Our sexual experiences are a combination of so many emotions. Desire is only one of them. Think about how many times people have sex out for revenge, or have sex because they’re bored, or because they think they’re supposed to, or because they’re really attracted to the person. Respect is a much more difficult and deeper of an emotion because it requires respecting something that you don’t even give to somebody who is necessarily your peer but somebody who you put above you. You respect people you who you admire. So, if you hold women as a group in contempt, and we know that many men hold women as a group in contempt by the language we use to describe them. Or, to be even more revealing, the language we use to describe women who don’t conform. “Women ain’t shit but bitches and hoes” to quote Dr. Dre. If we hold a group a of people in contempt, and then it’s very difficult to extract respect for a particular member of the group. It ends up sounding like, “some of my friends are black”. It’s as if we’re saying “Some of the people I’m capable of respecting are women. But, by and large, I hold the entire gender in contempt.” It’s then very hard then to develop romantic relationships to your equals.
To me, the important question here is, “what’s the opposite of respect?” That is contempt. Which of those two positions are we taught about women? Yes, we’re told to respect women. We’re told to hold the door open for women, put our coat down in puddles, etc. But we are also taught contempt at the same time and it’s really confusing.
TCP: Who have been the most influential figures for you regarding consent?
Many of the women I’ve known – my friends and partners over the years.
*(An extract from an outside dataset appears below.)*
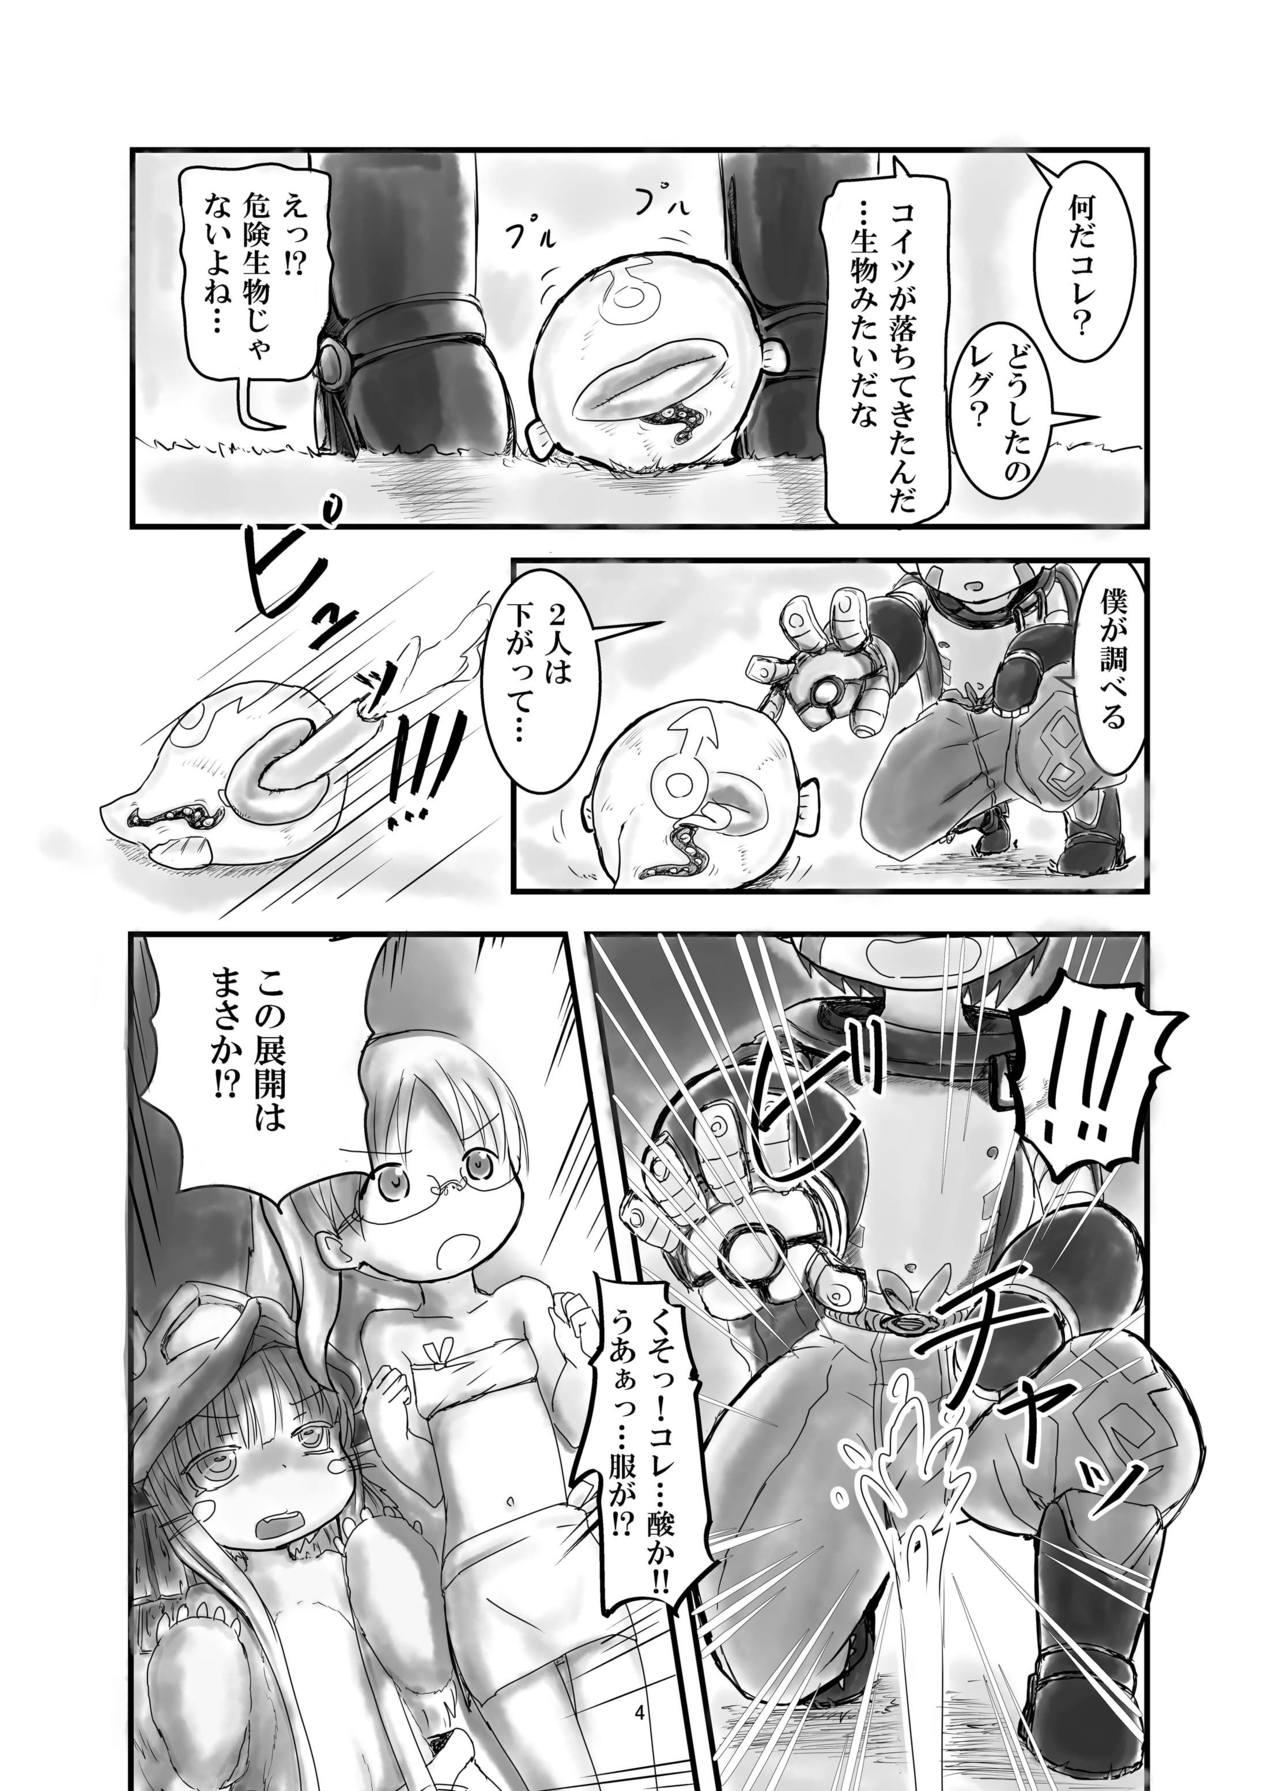 Cutie Regu Chin - Made in abyss Cheerleader - Page 4
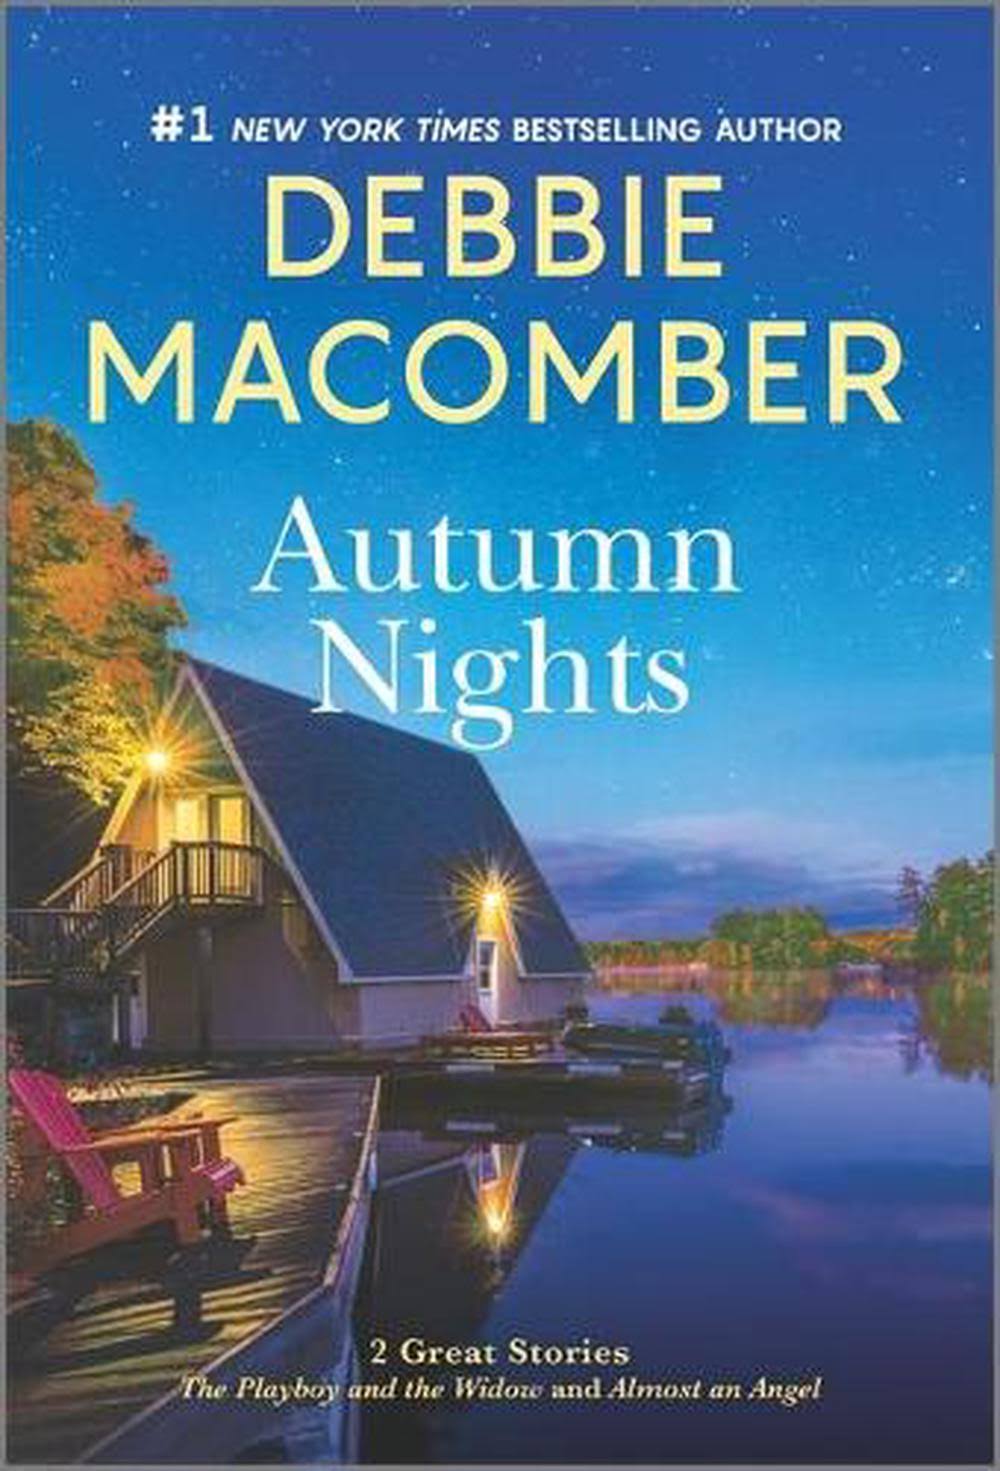 Autumn Nights by Debbie Macomber

They have taken a risk and have said, “Here’s what I want.” And, “here’s what I want with you.” Some have said, “What you’ve been taught is not who I am. So let’s do it this way.” Sometimes I wasn’t particularly receptive to what they wanted and sometimes I was. When that worked out well, I was more receptive in the future.
TCP: In our current sexual climate, what are some behaviors we can relearn, unlearn, or simply learn to make establishing safe, fun, and healthy sexual relationships easier?
MK: Here’s the one word I would say. I think what I was saying before about being in the present tense. I think that the essence of consent as you’re describing it and as I understand it, is communication and negotiation. And the essence of communication and negotiation is to be present -to show up. I think a lot of times a lot of sexual experiences and sexual explorations are done on remote control we are not present. We’re afraid that if we were present it wouldn’t be any good or we wouldn’t get what we want. That’s the key word. It’s to be present.